The forecast is based on UN figures about climate change released in 2007, and projects the impact of temperature changes that will leave the planet at least 2.4 degrees Celsius (4.3 Fahrenheit) warmer by 2020.

"The analysis is based on the conclusions of the 2007 IPCC (Intergovernmental Panel on Climate Change) Fourth Assessment Report," said lead author Liliana Hisas of the Universal Ecological Fund, a non-profit group.

"Our other guiding principles were using the business-as-usual path the world is currently following, and assess the impacts of climate change with a short-term target of one decade."

A population boom will leave the world with an additional 890 million people in 2020, for a total of 7.8 billion, up from the current level of 6.9 billion, the study said.

And across-the-board deficits in wheat, rice and maize means there will not be enough to feed all those extra mouths.

The result will be more prevalent hunger -- one in five people going hungry, up from the current rate of one in seven -- and food price spikes of up to 20 percent, according to the study.

"At least every other newborn in Africa; one in every four newborns in Asia; and one in every seven newborns in Latin America and the Caribbean would be sentenced to undernourishment and malnutrition," it added.

On the whole, Africa is expected to be the hardest hit. Due to hotter, drier temperatures, nearly two thirds of arable land on the continent could be lost by 2025, and maize growing could die out completely in some areas.
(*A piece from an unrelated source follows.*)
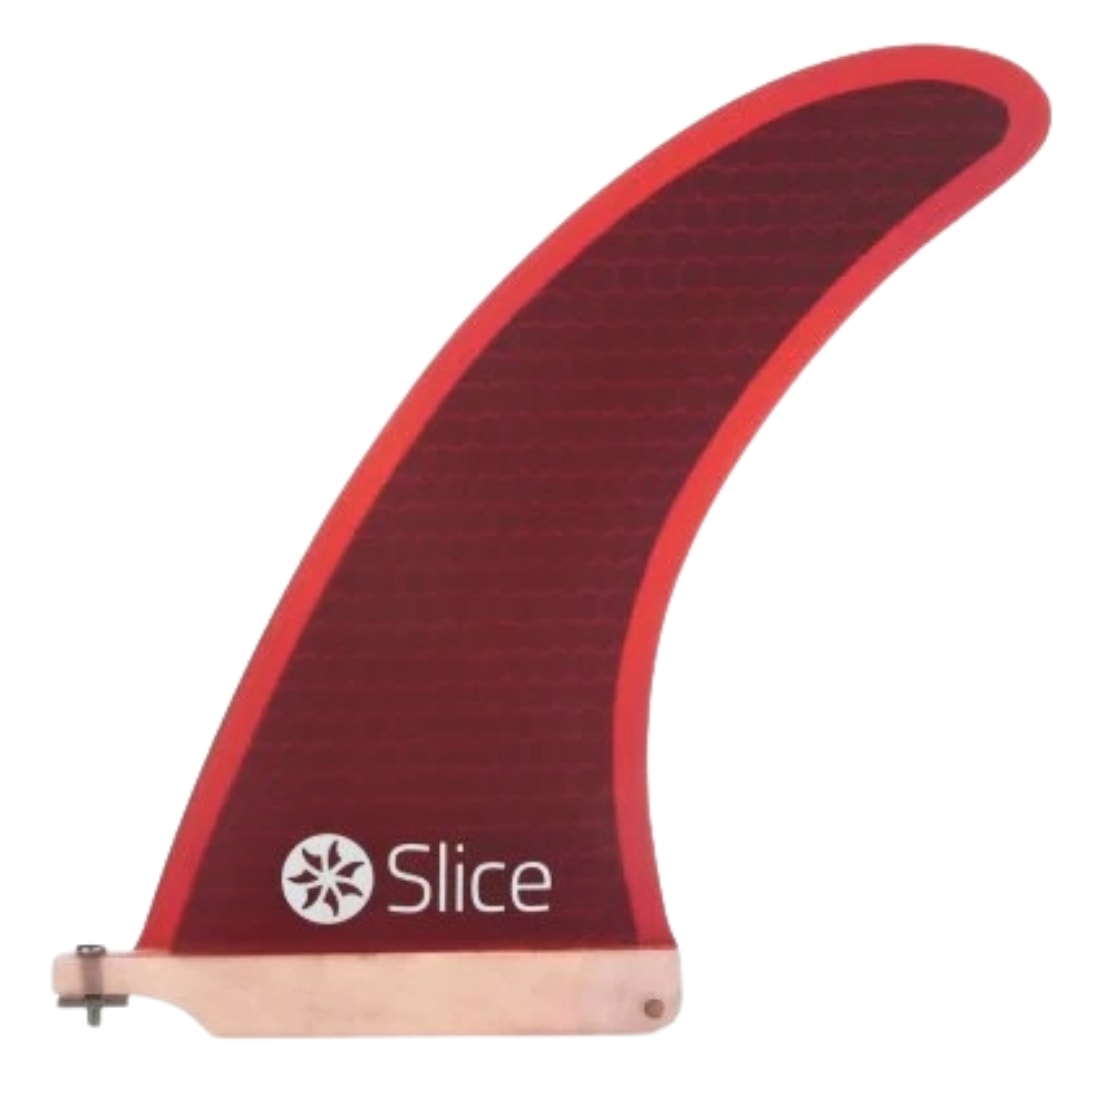 Northcore RTM Hexcore 9&quot; Longboard Surfbord Centre Fin - Red

Grape and olive growing in Mediterranean countries like Italy, Spain and France will suffer due to mounting dryness, as will the vineyards of California -- a 3.9-billion-dollar industry.

Elsewhere in the United States, the lead global producer of maize and soybean, wheat crops are forecast to grow five to 20 percent, while corn crops could falter slightly.

The US and Canada combine to produce 13 percent of the world's wheat, 38 percent of maize and 36 percent of soybeans.

Northern Europe could see wheat yields climb between three and four percent.

Meanwhile, the vast continent of Asia will see drastically different impacts in crop growth and rainfall.

India, the second largest world producer of rice and wheat, could see yields fall 30 percent, the study said.

But not so for China, the world's biggest producer of wheat and rice, which is "expected to increase its crop yields up to 20 percent."

The effects of climate change are expected to be harsher for India because of its tropical climate, as opposed to China, which lies in the temperate zone. Growers in Bangladesh and Pakistan could also expect to see declines.

Ethiopia was singled out in Africa as a country that could benefit because higher temperatures could combine with rainfall changes to boost the growth of its key crop, coffee. Ethiopia is the world's sixth largest coffee producer.

The United States and Canada are among the countries expected to grow more of every main cereal group, but still fall short of an expanding population's needs.

Soybean production is forecast to result in a five percent surplus, but the other three will see deficits across the world due to rising demand: a 14 percent shortfall in wheat, 11 percent for rice and nine percent for maize.

The study urged nations to undertake plans to adjust crop timing and move livestock to areas where water availability is improved.

Some dietary habits may have to shift, such as consuming more potatoes, beans and lentils instead of cereal grains and animal proteins.

But the primary change it recommended was reducing harmful pollutants in the atmosphere, or greenhouse gases (GHG).

"Reducing GHG emissions is the first and most important step. Efforts so far have been numerous, but unsuccessful," the study said.